_Source material_
Content starts
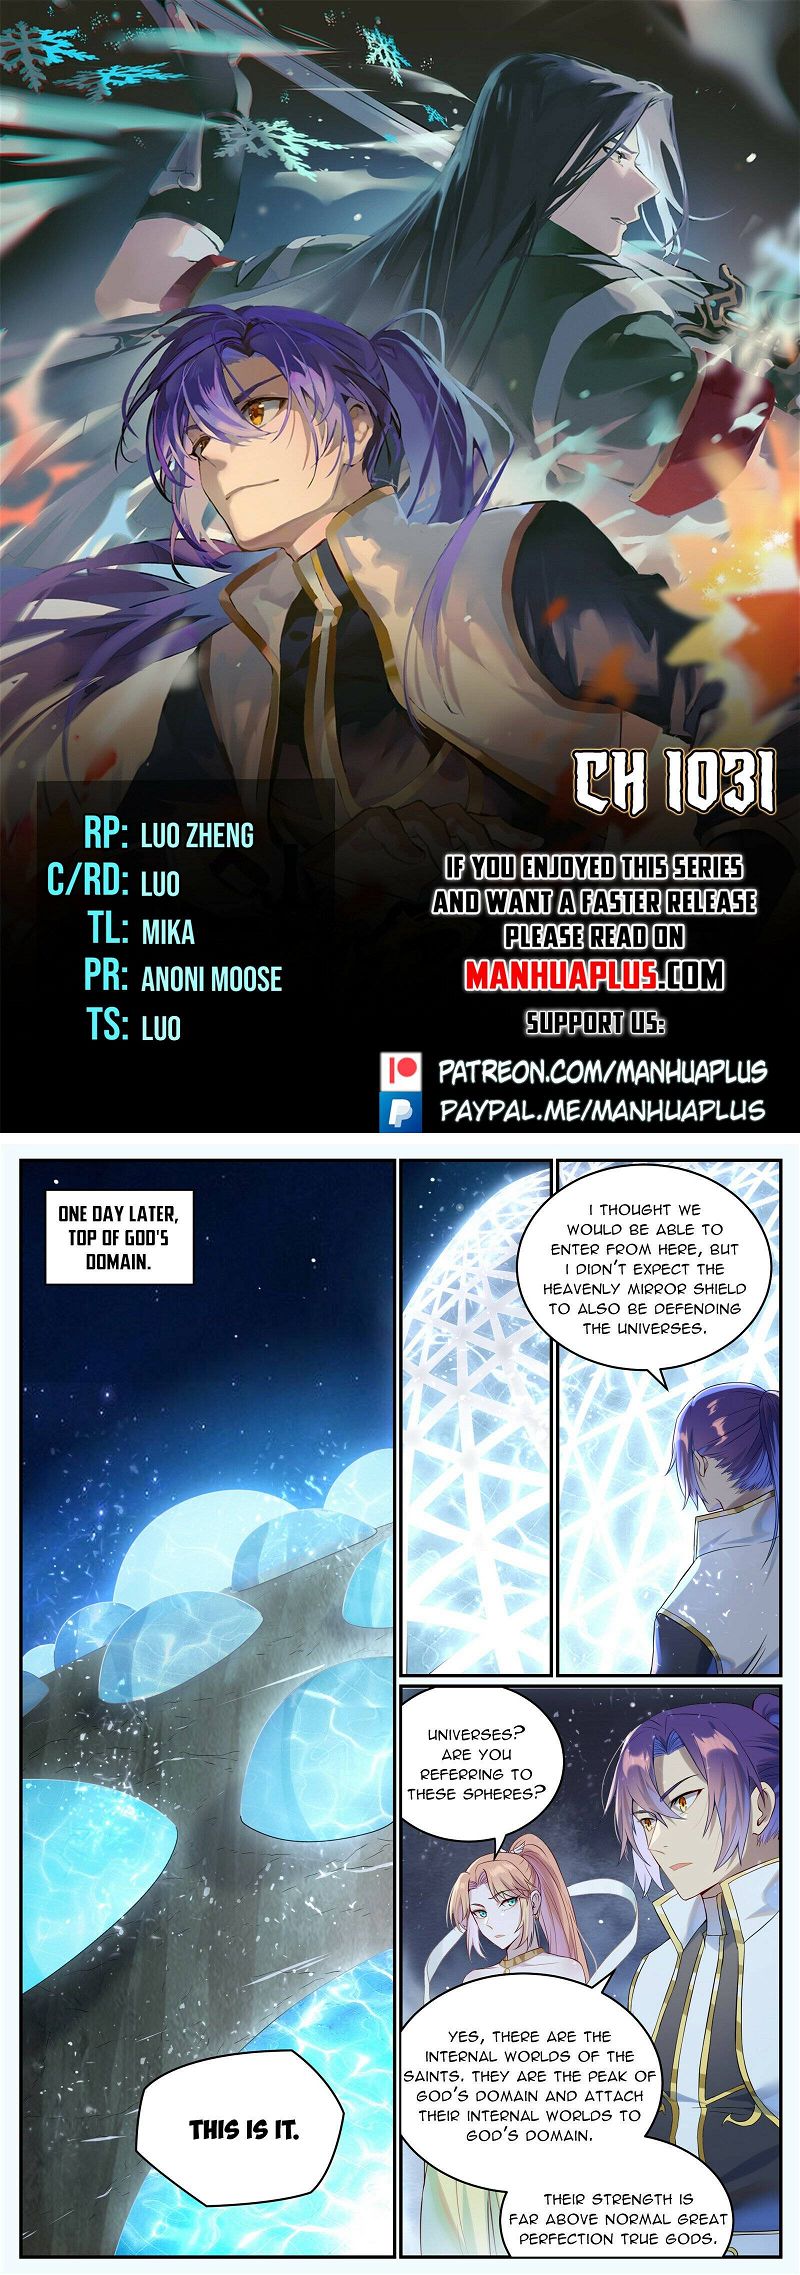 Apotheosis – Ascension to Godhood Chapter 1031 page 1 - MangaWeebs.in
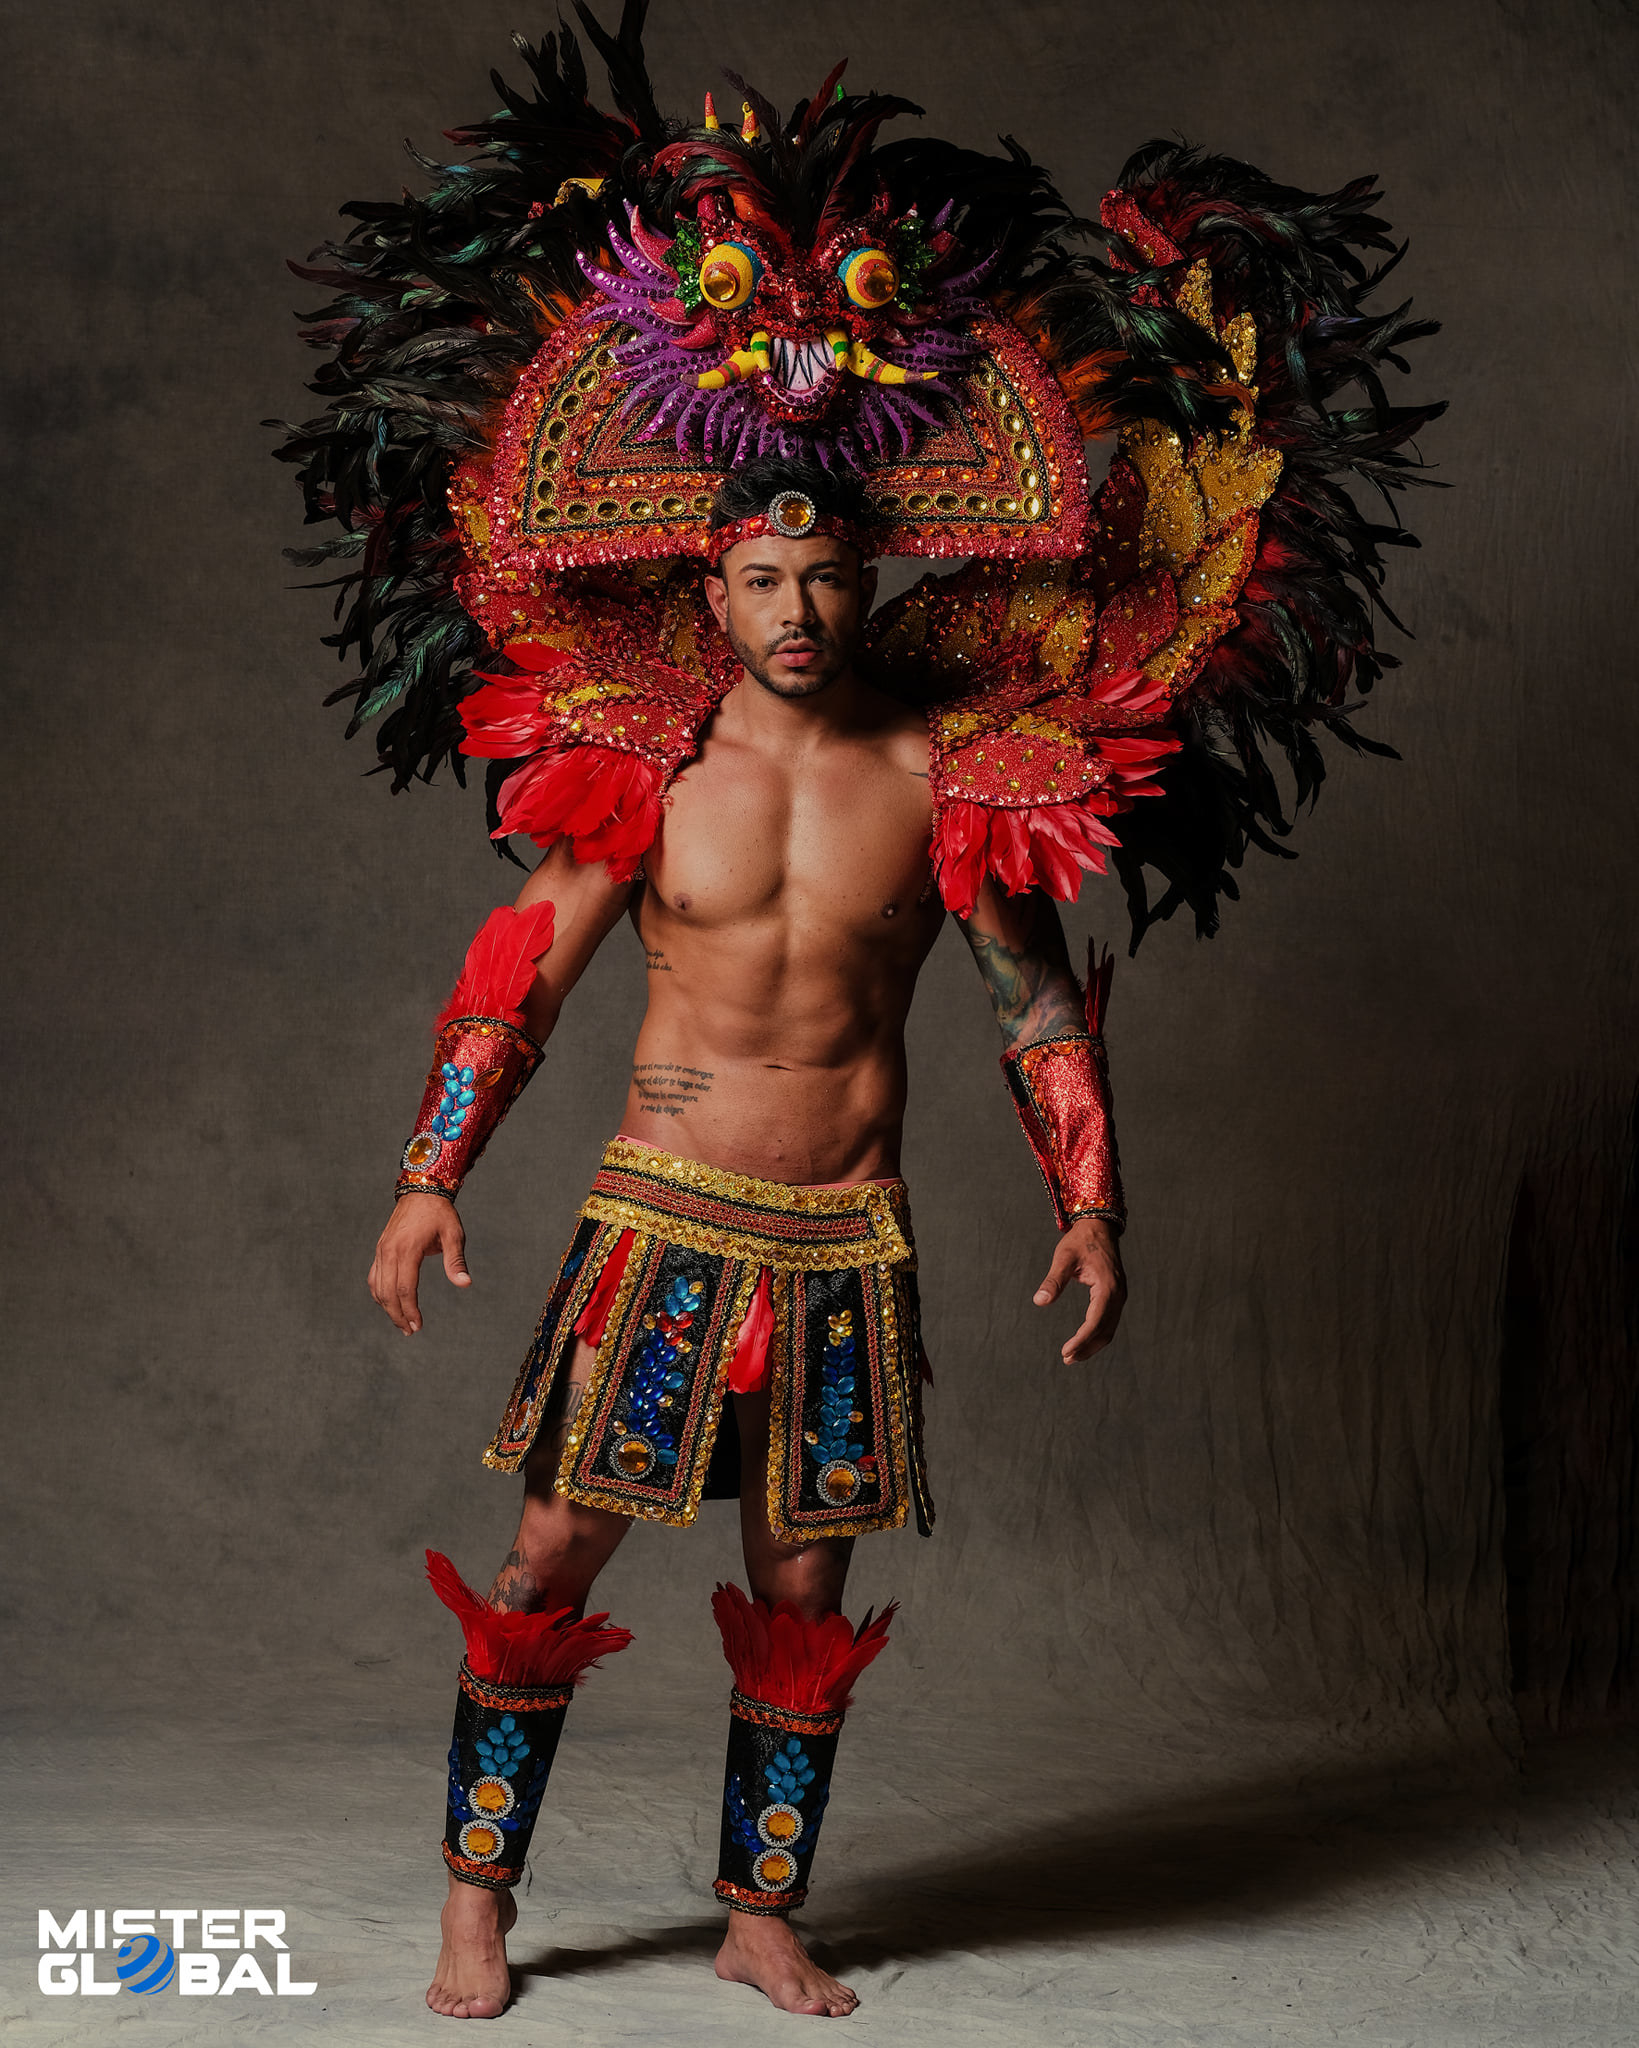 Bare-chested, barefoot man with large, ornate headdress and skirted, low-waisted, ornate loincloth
Content ends
Content starts
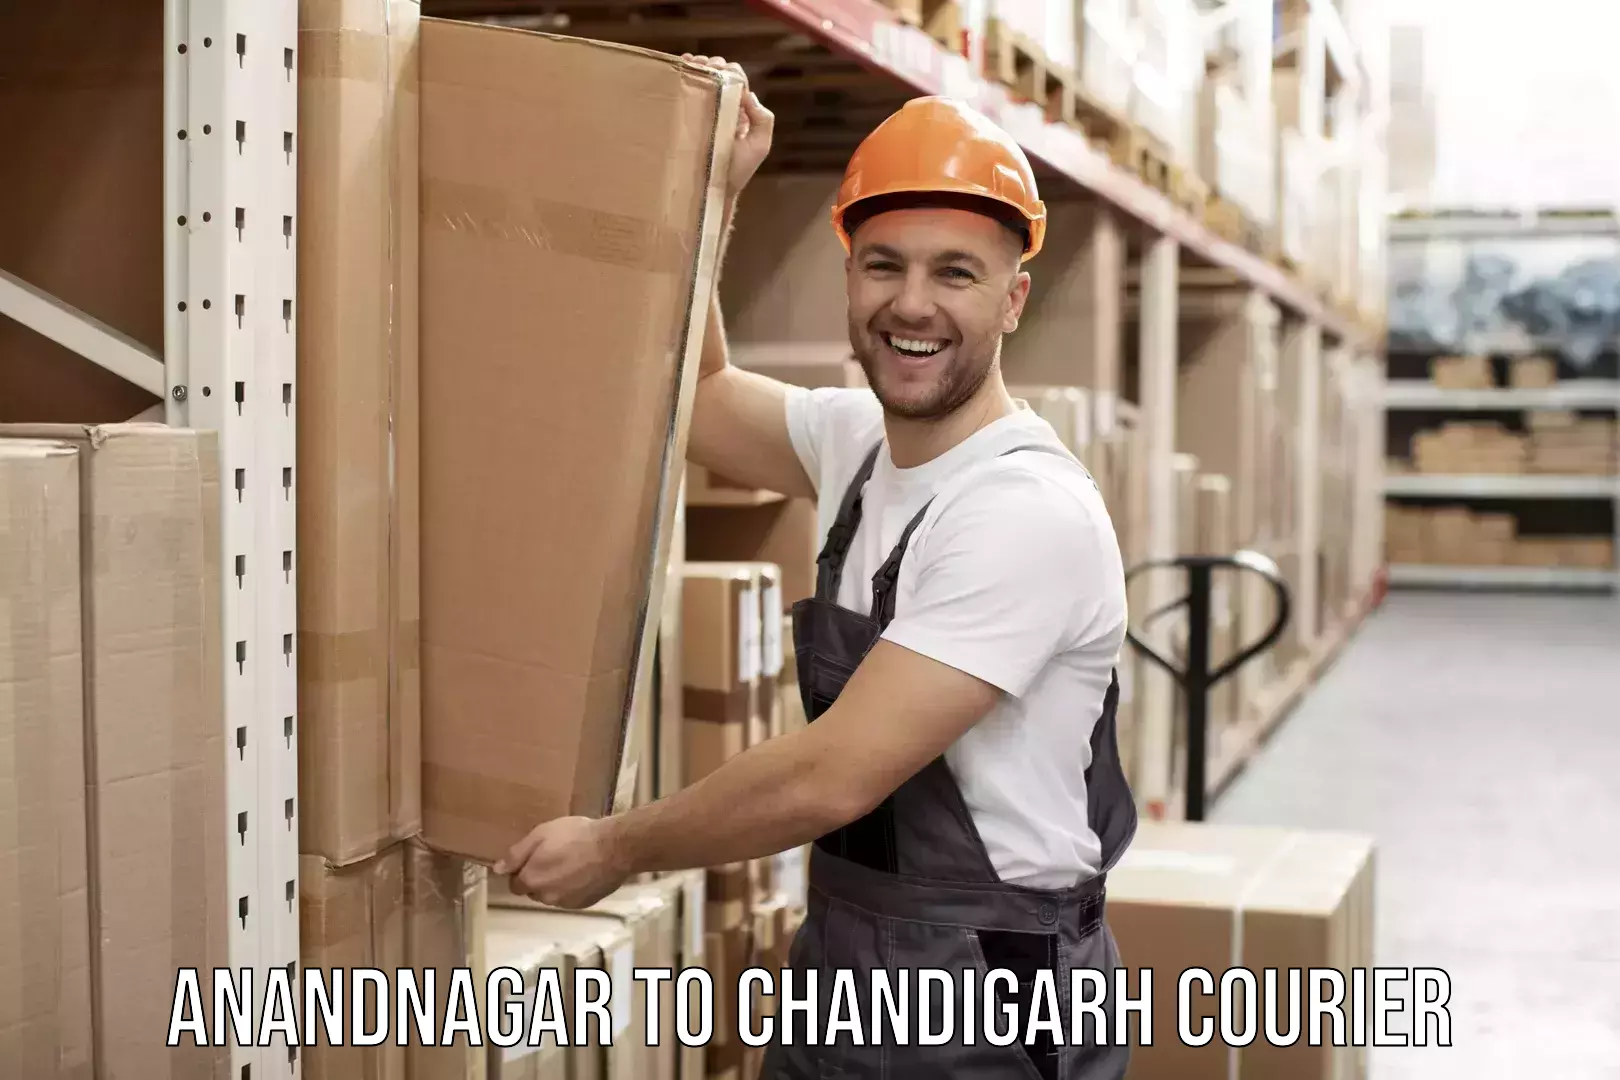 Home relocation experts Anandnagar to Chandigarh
Content ends
_Exercise goal_
Using the entries above, extract exactly the lines from the one that contains "Apotheosis – Ascension" through the one that contains "Bare-chested, barefoot man". Do not carry over any pictures.

_Solution for this exercise_
 Apotheosis – Ascension to Godhood Chapter 1031 page 1 - MangaWeebs.in
 Bare-chested, barefoot man with large, ornate headdress and skirted, low-waisted, ornate loincloth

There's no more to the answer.